Data below START

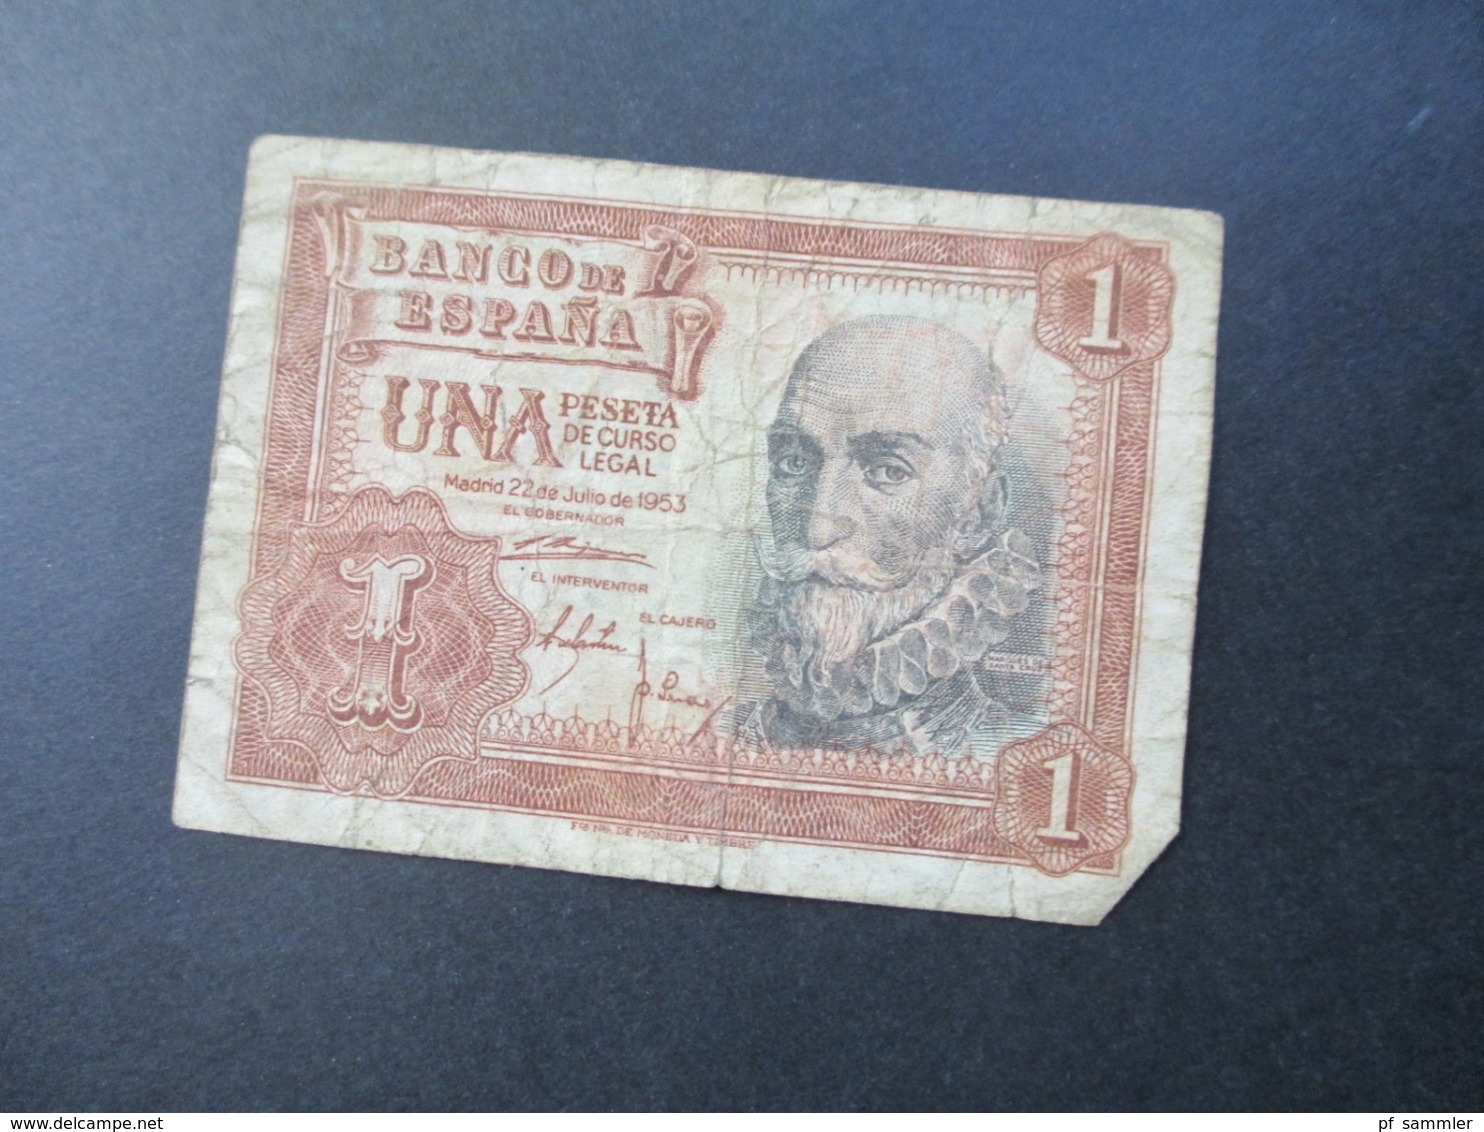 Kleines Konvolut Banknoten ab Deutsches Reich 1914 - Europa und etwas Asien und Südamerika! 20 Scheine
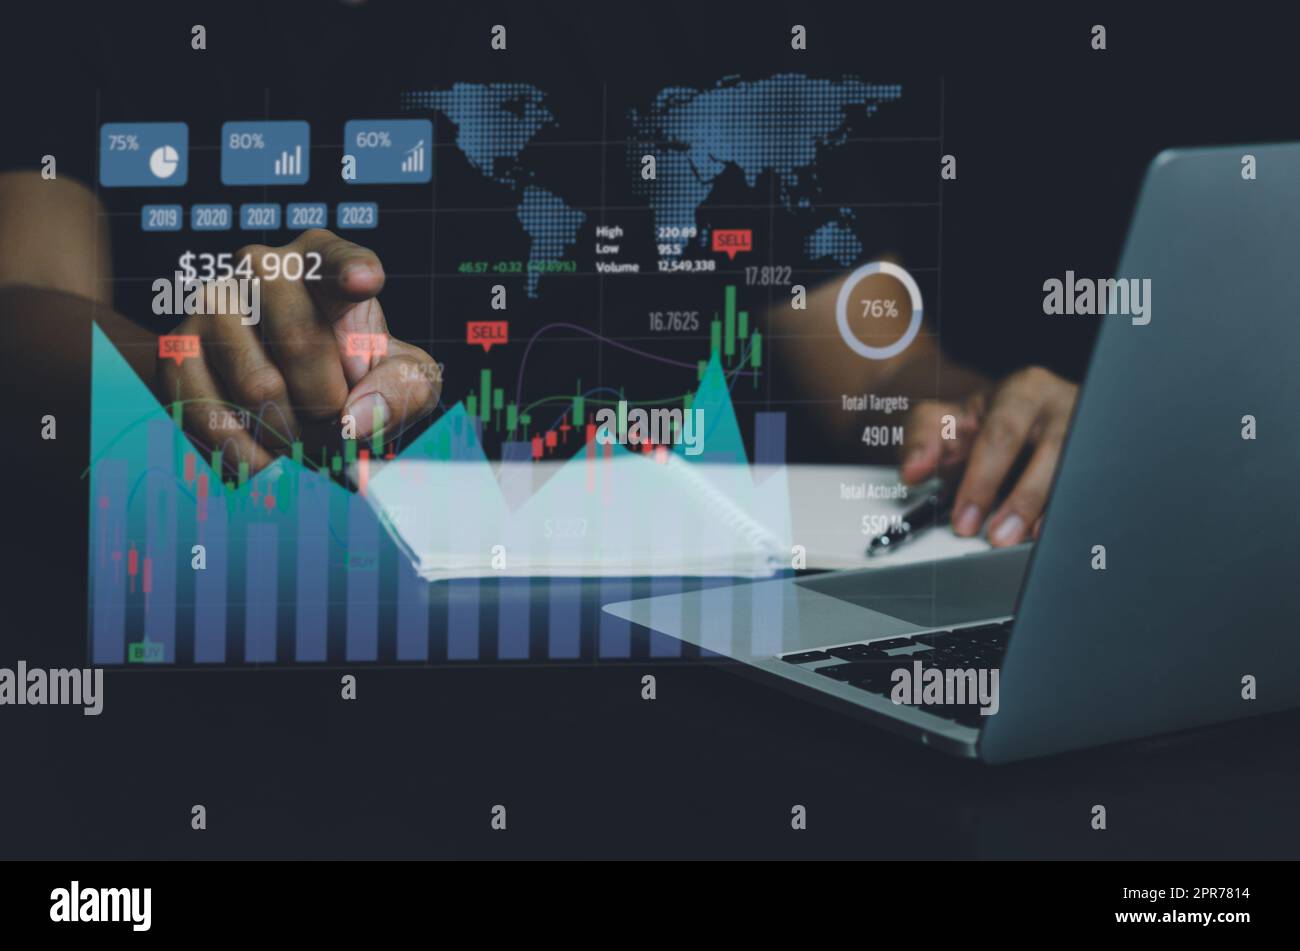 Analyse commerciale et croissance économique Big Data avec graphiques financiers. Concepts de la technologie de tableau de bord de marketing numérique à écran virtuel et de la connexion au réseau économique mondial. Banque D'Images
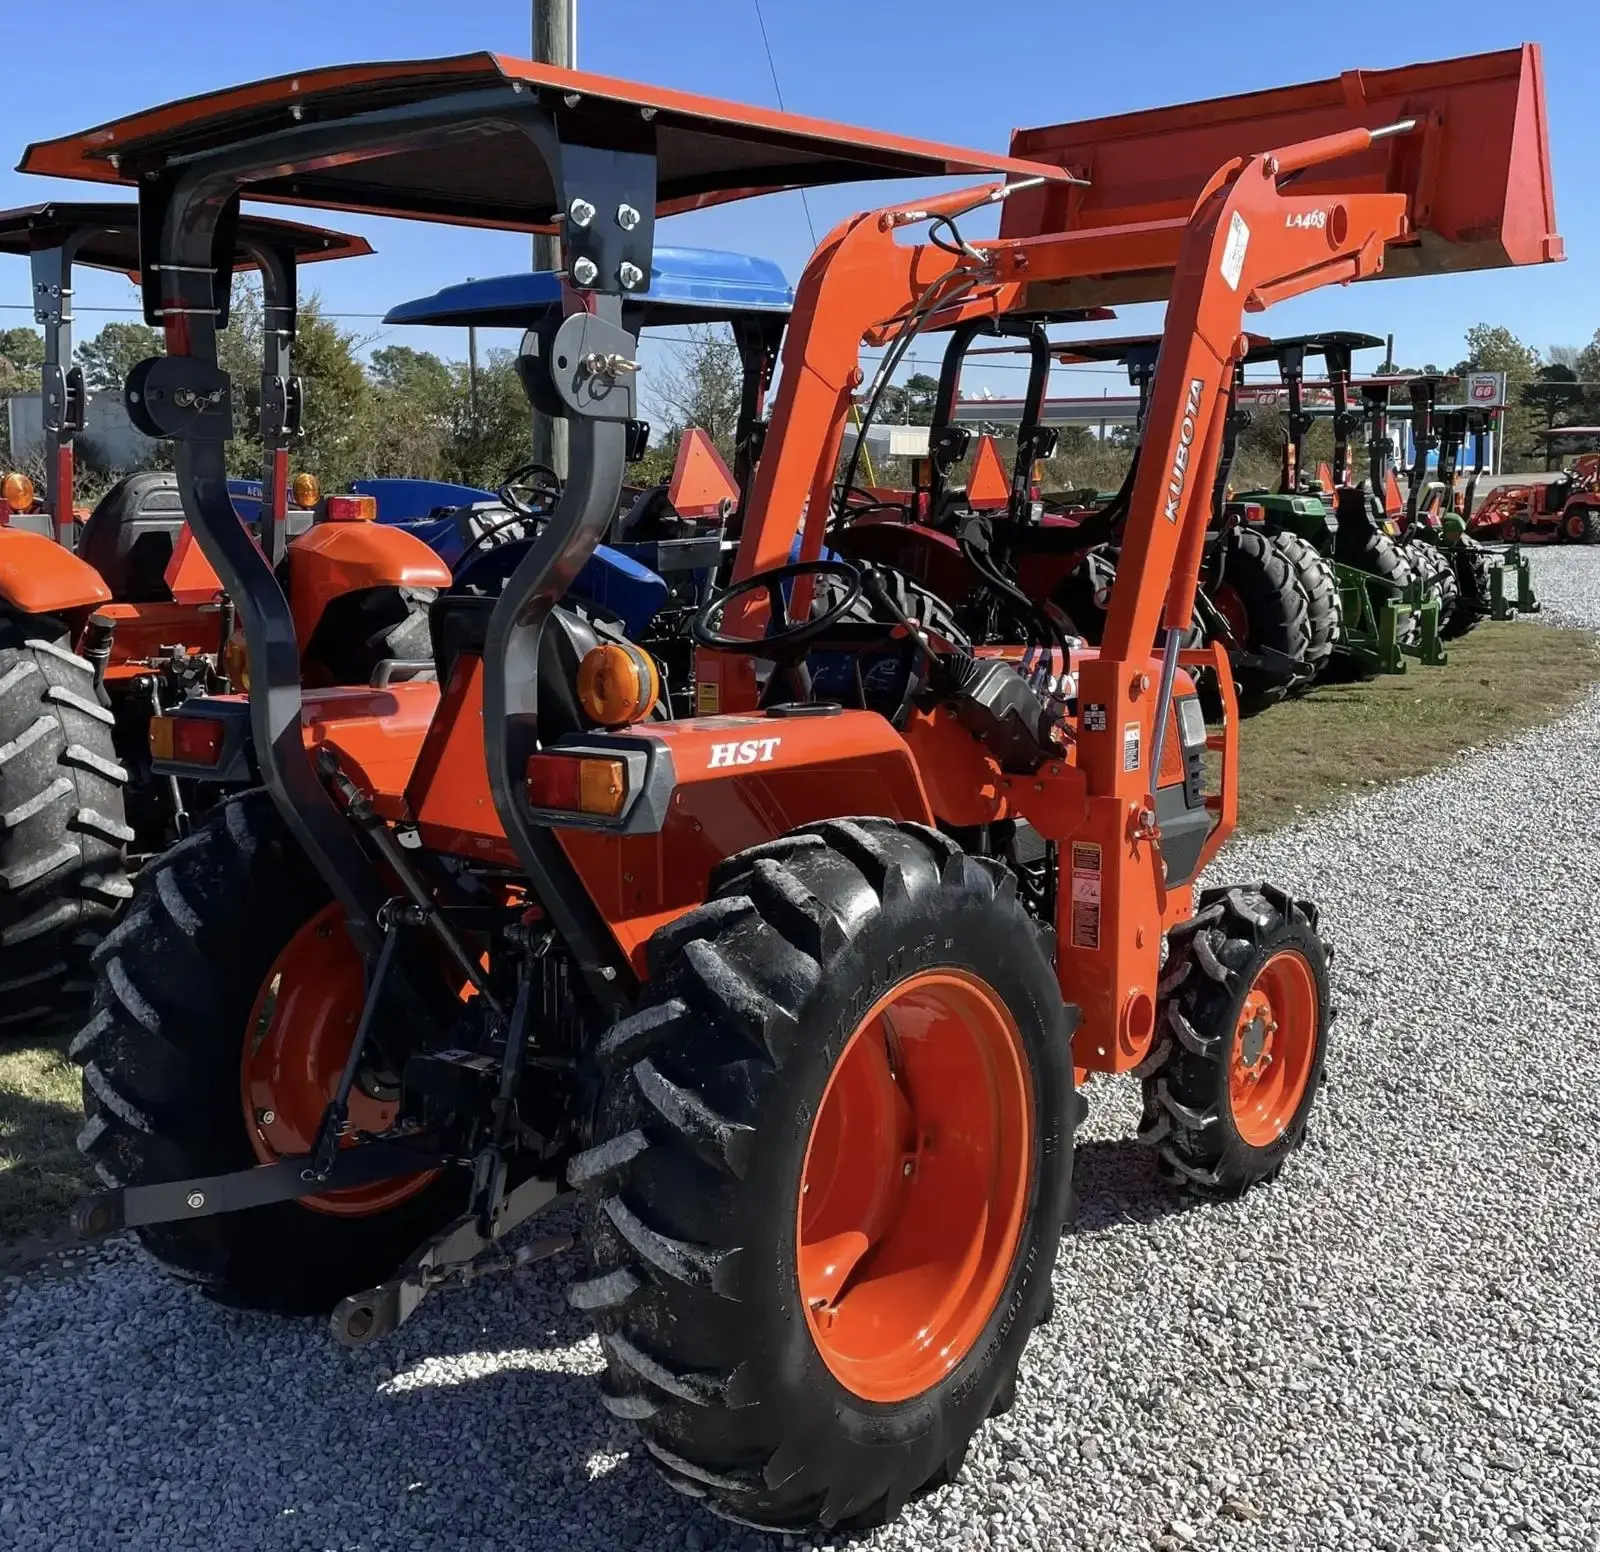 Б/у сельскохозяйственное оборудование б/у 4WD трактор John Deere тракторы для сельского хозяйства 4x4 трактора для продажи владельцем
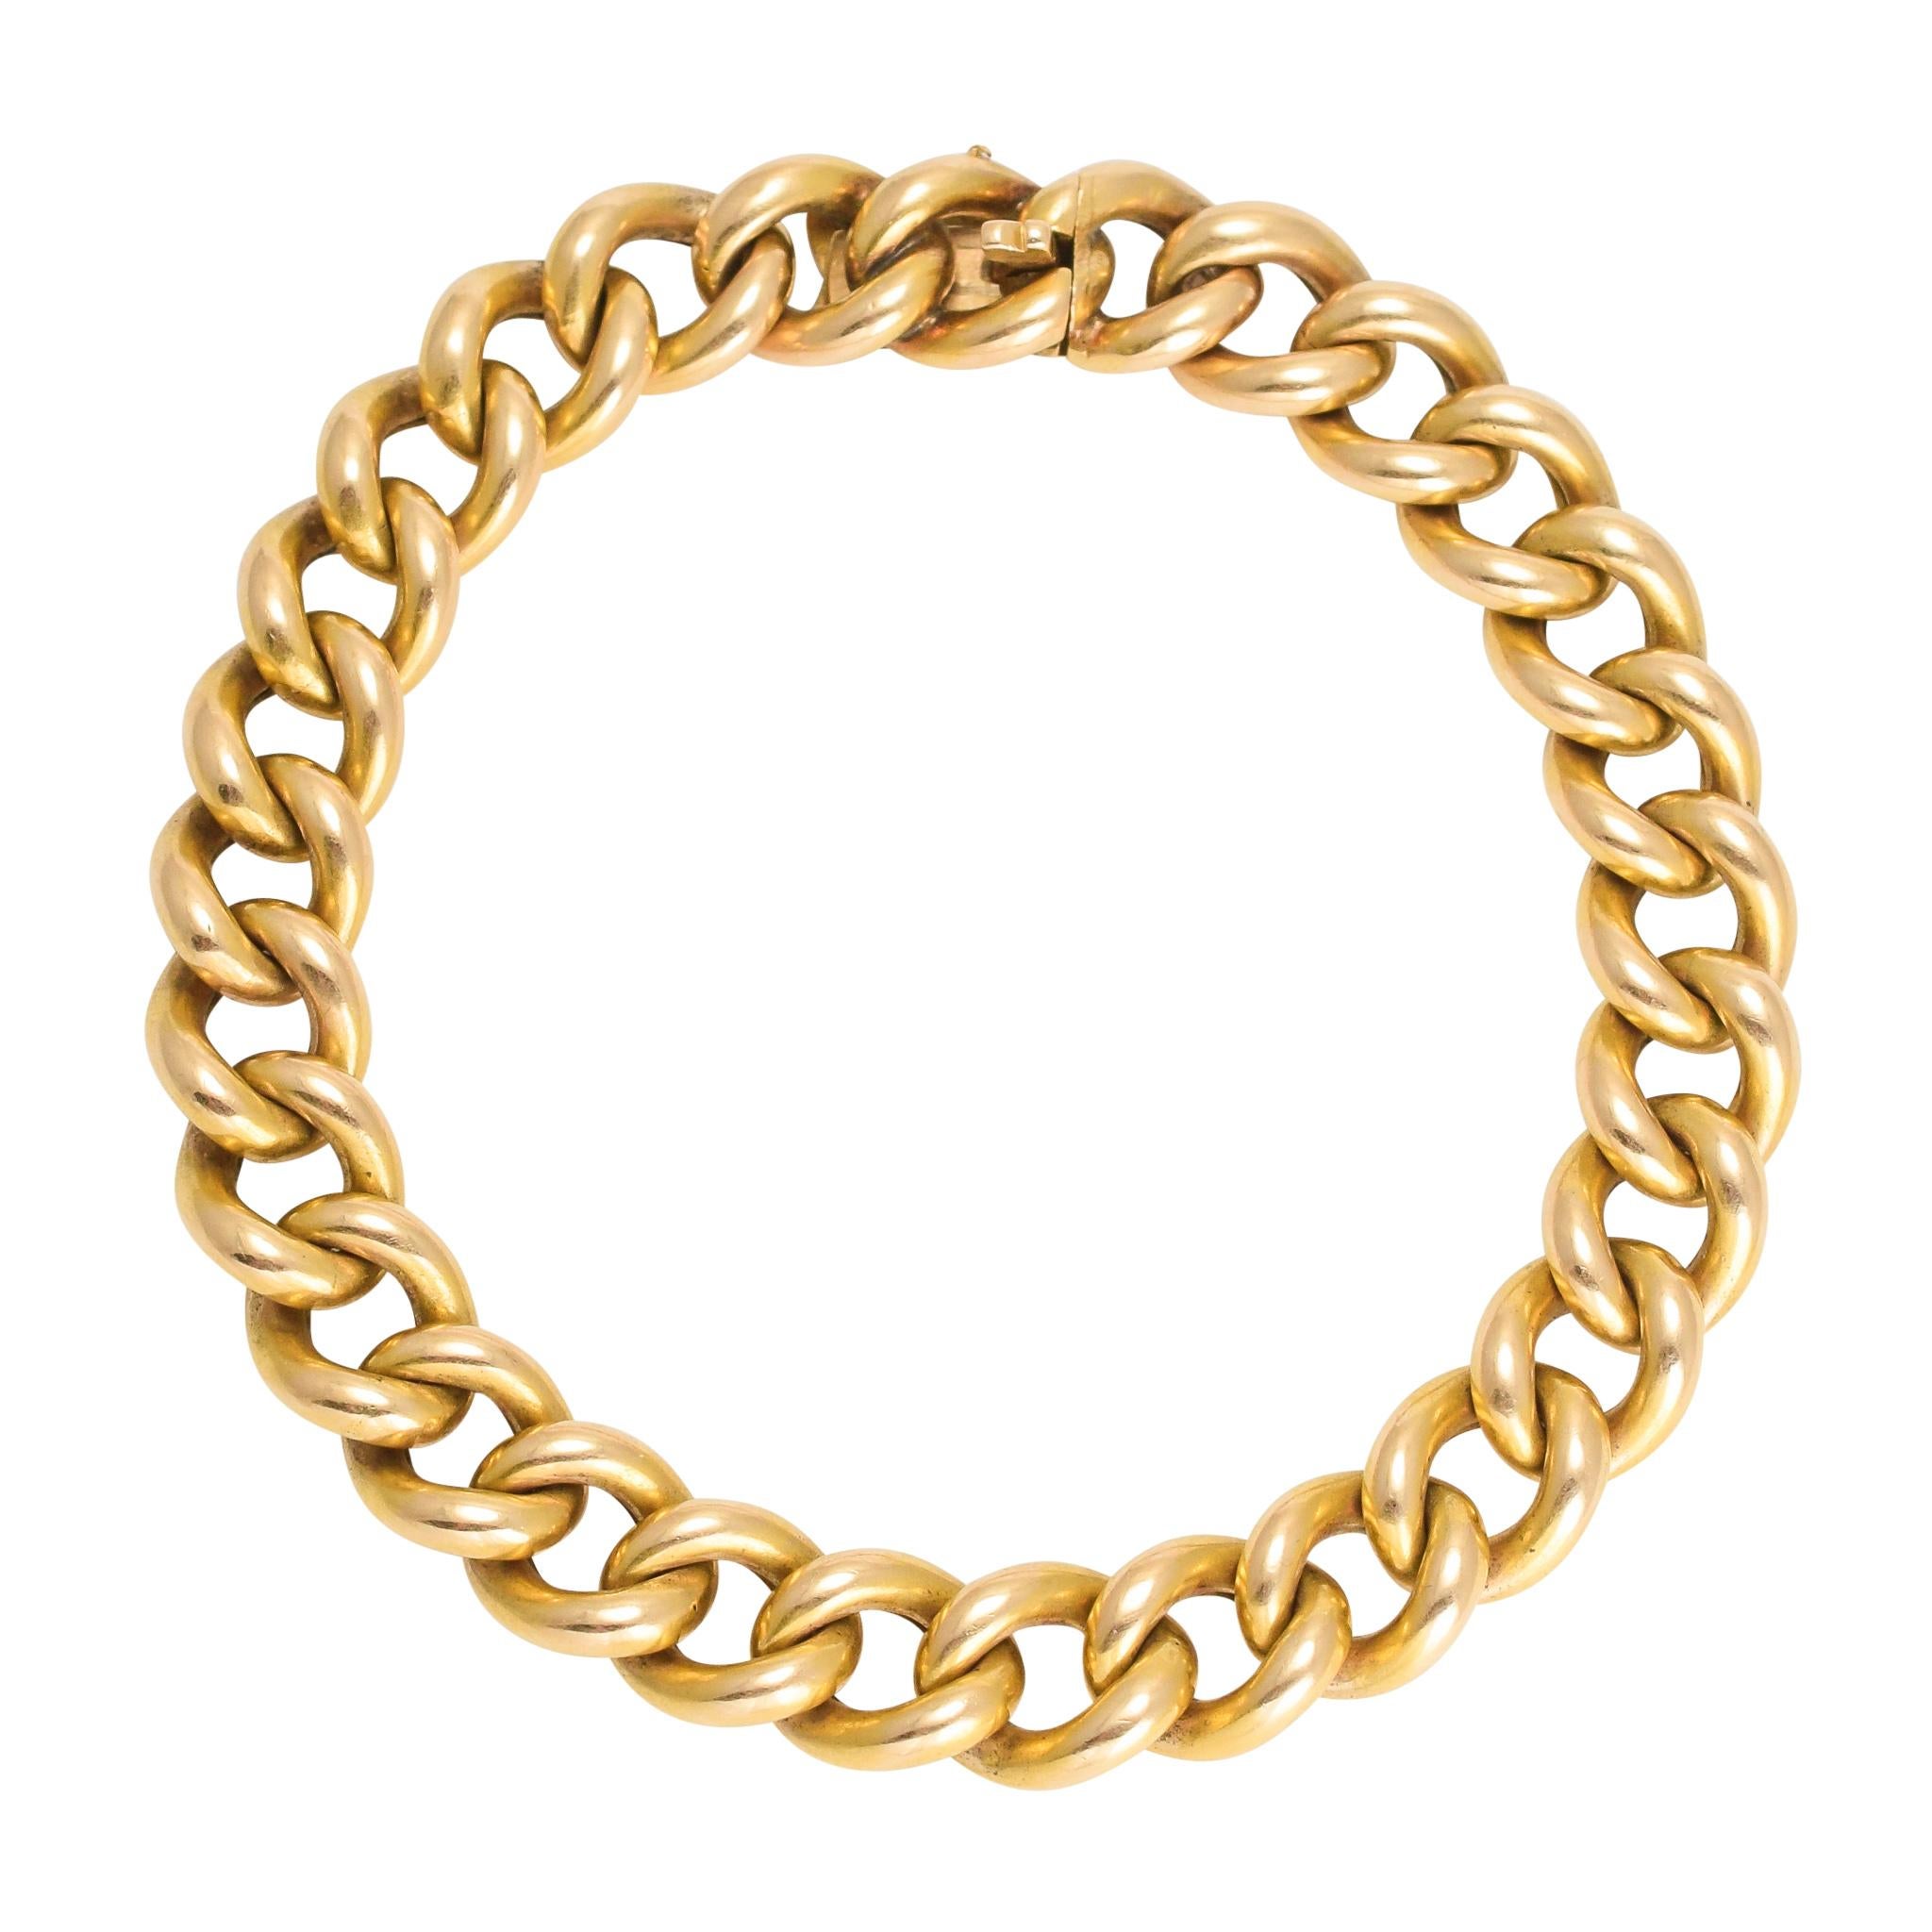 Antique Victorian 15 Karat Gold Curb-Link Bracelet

Data below END

### Problem statement
Your task is to repeat exactly the lines from the one containing "Б/у сельскохозяйственное оборудование" through the end of the material, both included, and only those, without pictures.

### Answer area
 Б/у сельскохозяйственное оборудование б/у 4WD трактор John Deere тракторы для сельского хозяйства 4x4 трактора для продажи владельцем
 Antique Victorian 15 Karat Gold Curb-Link Bracelet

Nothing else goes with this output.